В эту ночь Калашников узнал для себя много нового. Он узнал, что в балете у нас больше народных, чем в драматических, потому что они играют молча, не распускают язык, а язык в наше время не только до Киева доведет, он доводит значительно дальше.
И еще он узнал, что в нашей стране любой спрос моментально загоняет товар под прилавок, поэтому человек здравомыслящий предпочитает находиться по ту сторону прилавка, откуда товар виден, а не по ту, откуда его не видать.
И уж совсем ненужные сведения: оказывается, эту их Дездемону недодушили в двух театрах и теперь она подалась в третий, но там у нее жизнь уже не та: не с директором, не с главным режиссером, а всего лишь с помощником администратора.
11
Теперь Калашников часто бывал в театре. Верней, в театральном буфете, где он был нужнее, чем в какой-нибудь ложе-бенуар.
Когда он пришел туда в первый раз, к театру тянулась длиннющая очередь. Тянутся люди к искусству, подумал Калашников.

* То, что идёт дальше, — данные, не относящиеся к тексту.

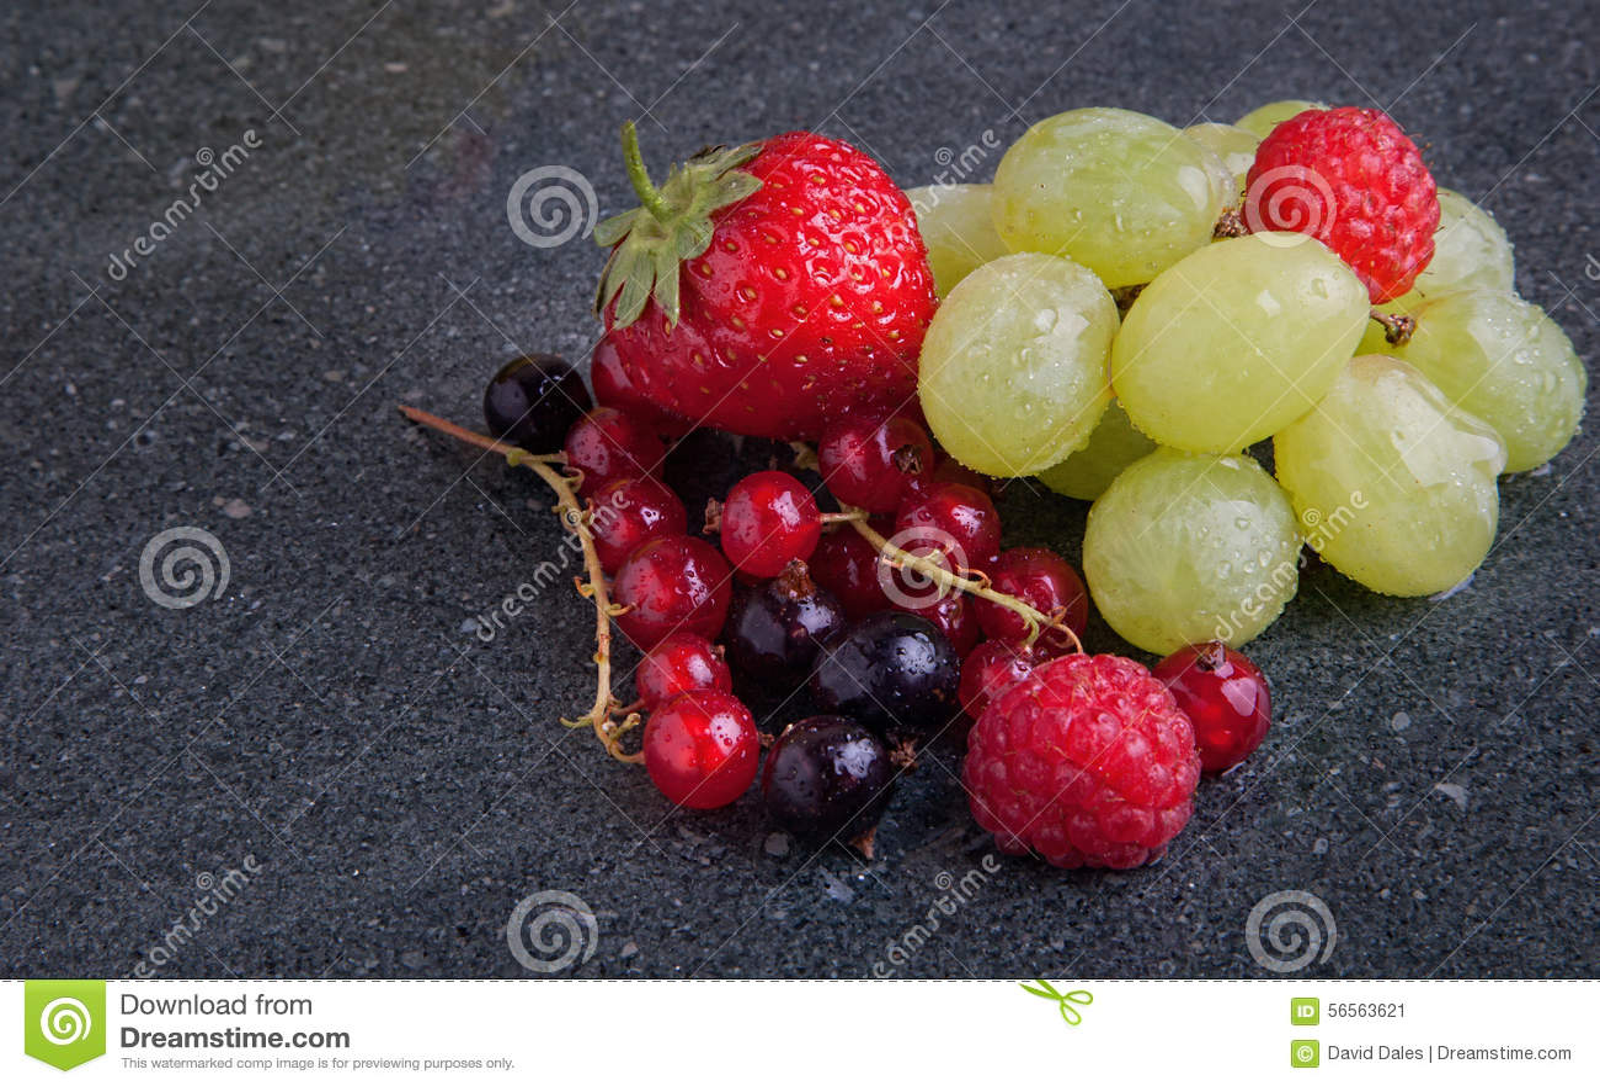 Download Θερινά φρούτα στοκ εικόνα. εικόνα από καρποί, dieting - 56563621

Но оказалось, что очередь тянулась не к театру, а от театра. Не к искусству, а от искусства. Там, в направлении от театра, был гастроном.
Сквозь удивленные взгляды он пробивался навстречу движению очереди, затем, уже внутри театра, долго блуждал по коридорам и лестницам и неожиданно оказался на сцене. И тоже увидел очередь.
Сначала он подумал, что раз очередь, где-то поблизости должен быть буфет. Но это оказалась совсем не та очередь.
По замыслу автора, а впоследствии режиссера, очередь на сцене изображала жизнь. Но в отличие от жизни, которая, как известно, движется от начала к концу, эта очередь двигалась от конца к началу, и в этом был ее высокий жизнеутверждающий смысл. Хоть искусство и отражает жизнь, но оно должно быть жизнеутверждающим.
Все было, как в жизни. Одни приходили и становились в самый конец, а те, чья очередь подошла, уходили со сцены. Они затем и стояли, чтобы уйти со сцены. Глупо, конечно: прийти, чтоб уйти.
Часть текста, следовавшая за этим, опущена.